They had been living in Liberty Lake and, when out for a ride on their horses, came across a house and land for sale up the road from where they are now. They bought it and moved in. A few years later, off on another ride, they came across their current home.
“The house was listed as a ‘livable dwelling,’ but just barely,” Knapton said. “I fell in love with the barn right away. It was beautiful and was a bigger barn than we had, plus there was more property.”
However, they almost didn’t get it when they first saw it nearly 11 years ago, as a developer made an offer first, intending to tear everything down and put in a cluster development at the 52-acre site. This was just before the financial crisis of 2008, and the deal didn’t go through – “so our offer was accepted.”
Even though they are very happy to be there, Knapton said, another joke they share is that perhaps they should stop going out for horseback rides now. The first few years they hauled out debris, shored up the house, remodeled, put on an addition and spent a lot of time putting up fencing. They had two horses at the time and three boarders, but started boarding more at their Liberty Spring Ranch to help defray expenses and because she loves horses.

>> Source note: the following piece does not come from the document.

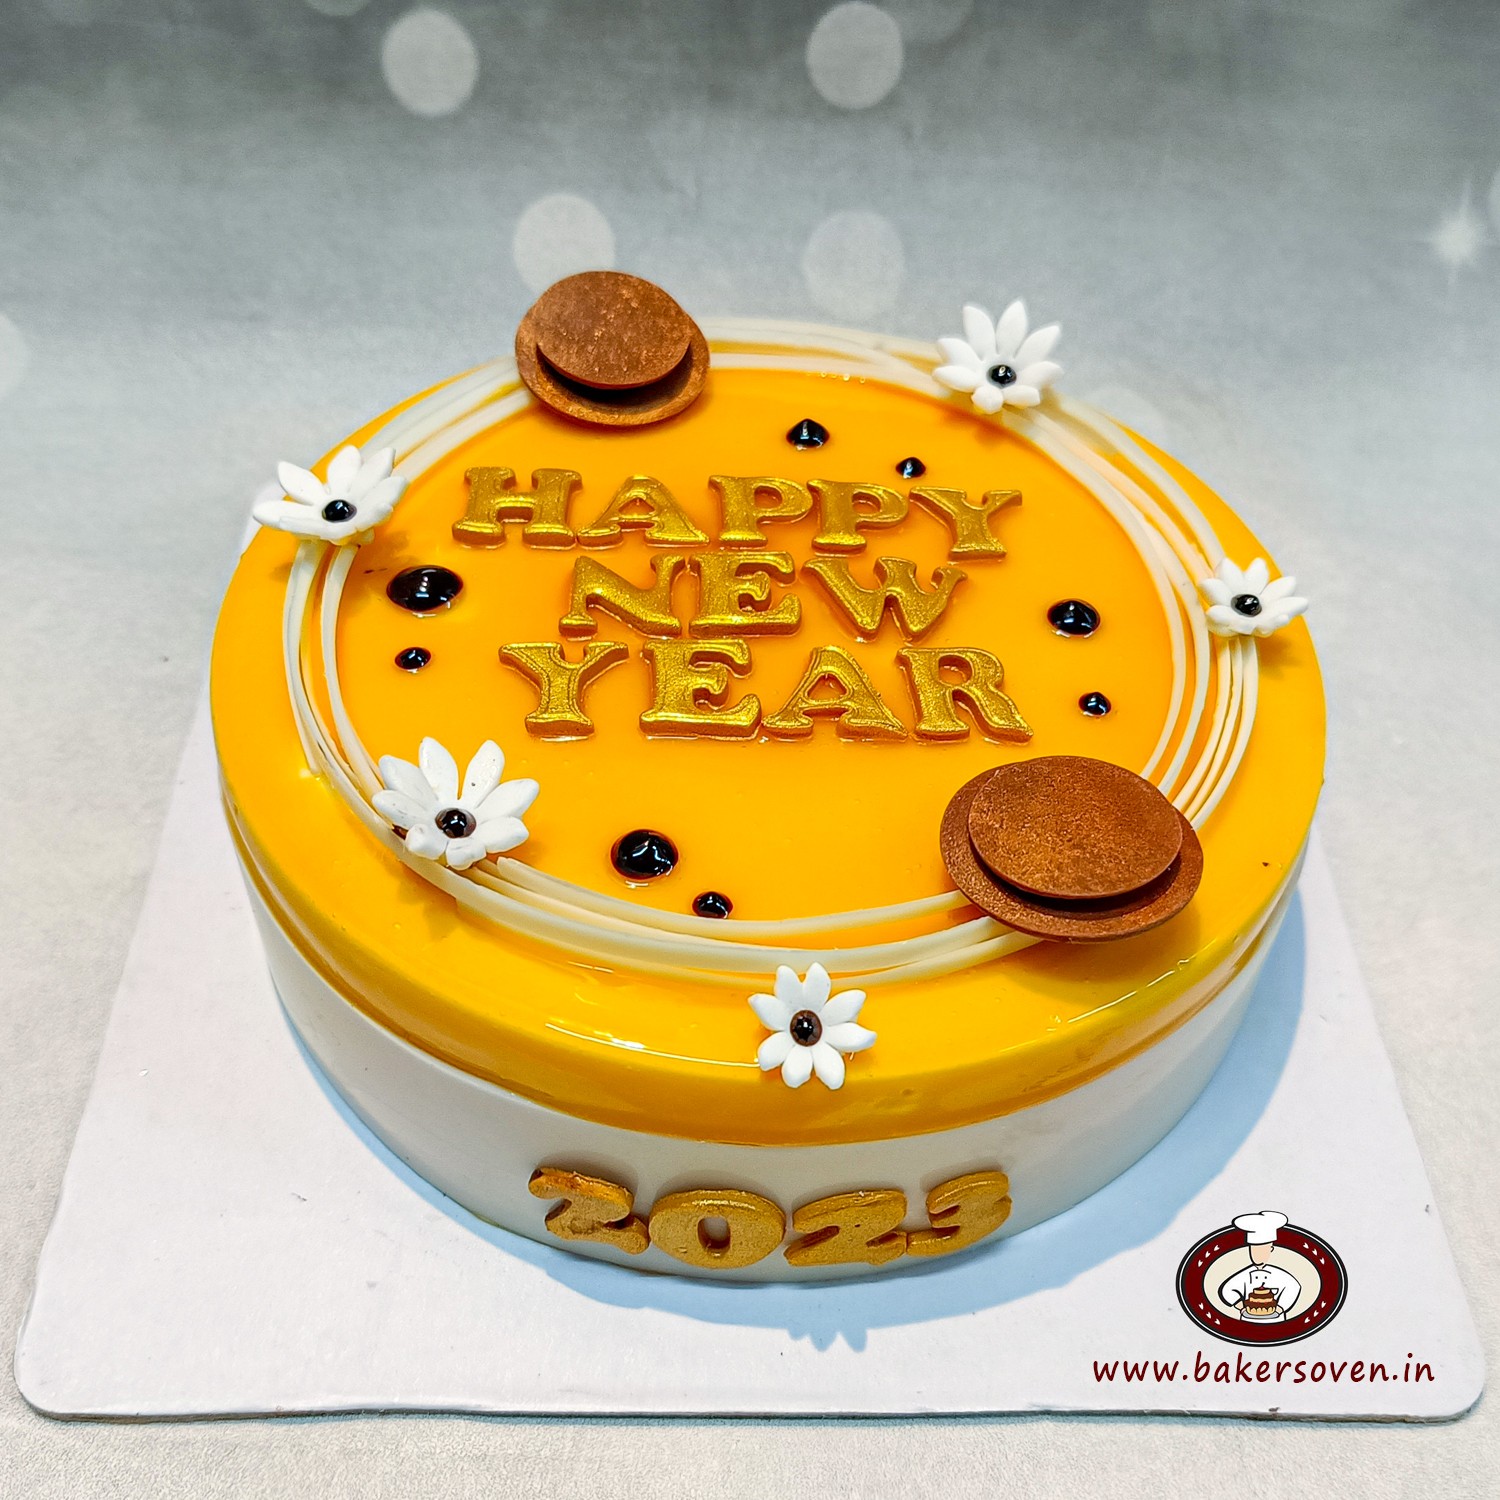 Butterscotch Cake For New Year | New Year 2022 Butterscotch Cake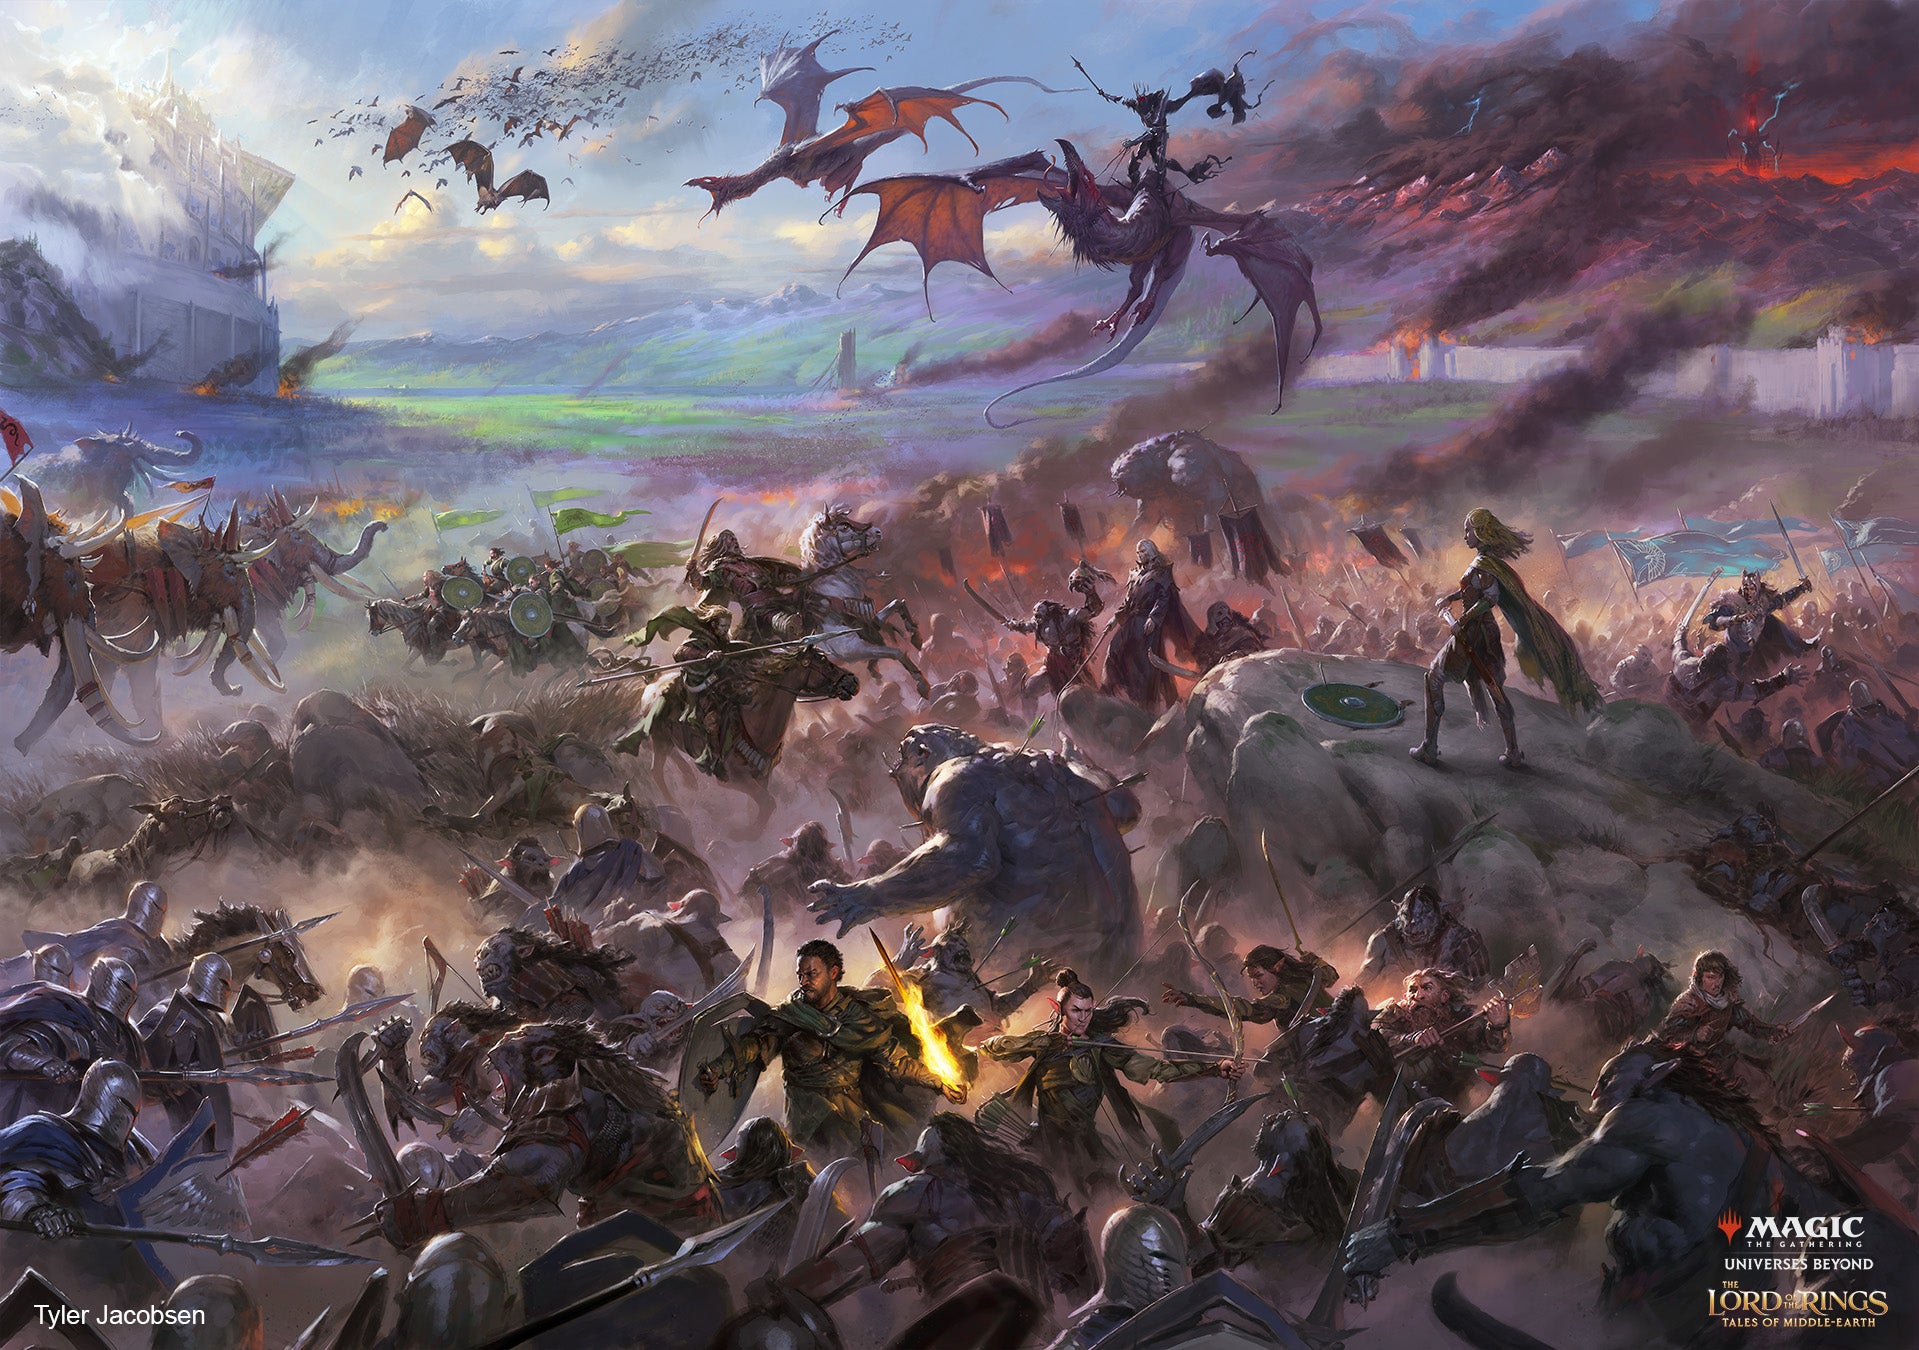 Image: Middle-Earth/Wizards of the Coast

They pasture-board the horses, Knapton said, which “allows the horses to be horses. They like to be in a herd, to move around and graze, and are happier and healthier that way.” Four of the senior horses dwell in the “pasture of oldies,” where they have access to a special diet of equine senior grain. The nine geldings roam in their own pasture, and the six mares have their own as well. Hay is available in feeding stations made from oversized stacked tires. Water is plentiful, provided from the two springs on the property.
Much of the rest of the land is in grass. They raise four or five cattle annually, and the boys raise hogs.
“I think Cole and Joshua are the only hog farmers out here,” Knapton said.
They have four hogs this year and, as in years past, pork sale profits will go toward their college funds. Cole wants to go to Stanford and Joshua has his eyes on Washington State University. The boys also have a lemonade stand, which they operate by the barn when the horse owners come out to ride.
The barn supports the boarding operation.
“We put 5 tons of hay a year in the loft for the horses, throwing down 30 bales each week for them,” Knapton said.
When the loft is filled 40-feet high with hay, Cole said it’s heaven. They play hide and seek up there, and he can climb the wall ladder to the peak of the roof to the “bat-watching station,” observing the bats that roost there.
The barn is filled with history, including the original hardware on the sliding barn doors and the brass bell Knapton’s aunt and uncle, Mel and Margaret Barbion, gave them from their barn in Bigfork, Montana, when they left their ranch there and moved to Spokane.
The adventure Lori Knapton remembers in their barn was the mischief caused by Taco, their Pasofino, who could open pretty much any gate seemingly by wiggling his nose in just the right way. One night he managed to open a barn gate – and in he went, followed by many from the herd.
“They had an all-you-can-eat buffet that night,” Knapton said.
Surrounding the barn are the pastures that are home to thoroughbreds, quarter horses, paints, a pony and others.
“Horses are a lot like shoes,” Knapton said. “You need to have a lot of them and in a lot of different colors.”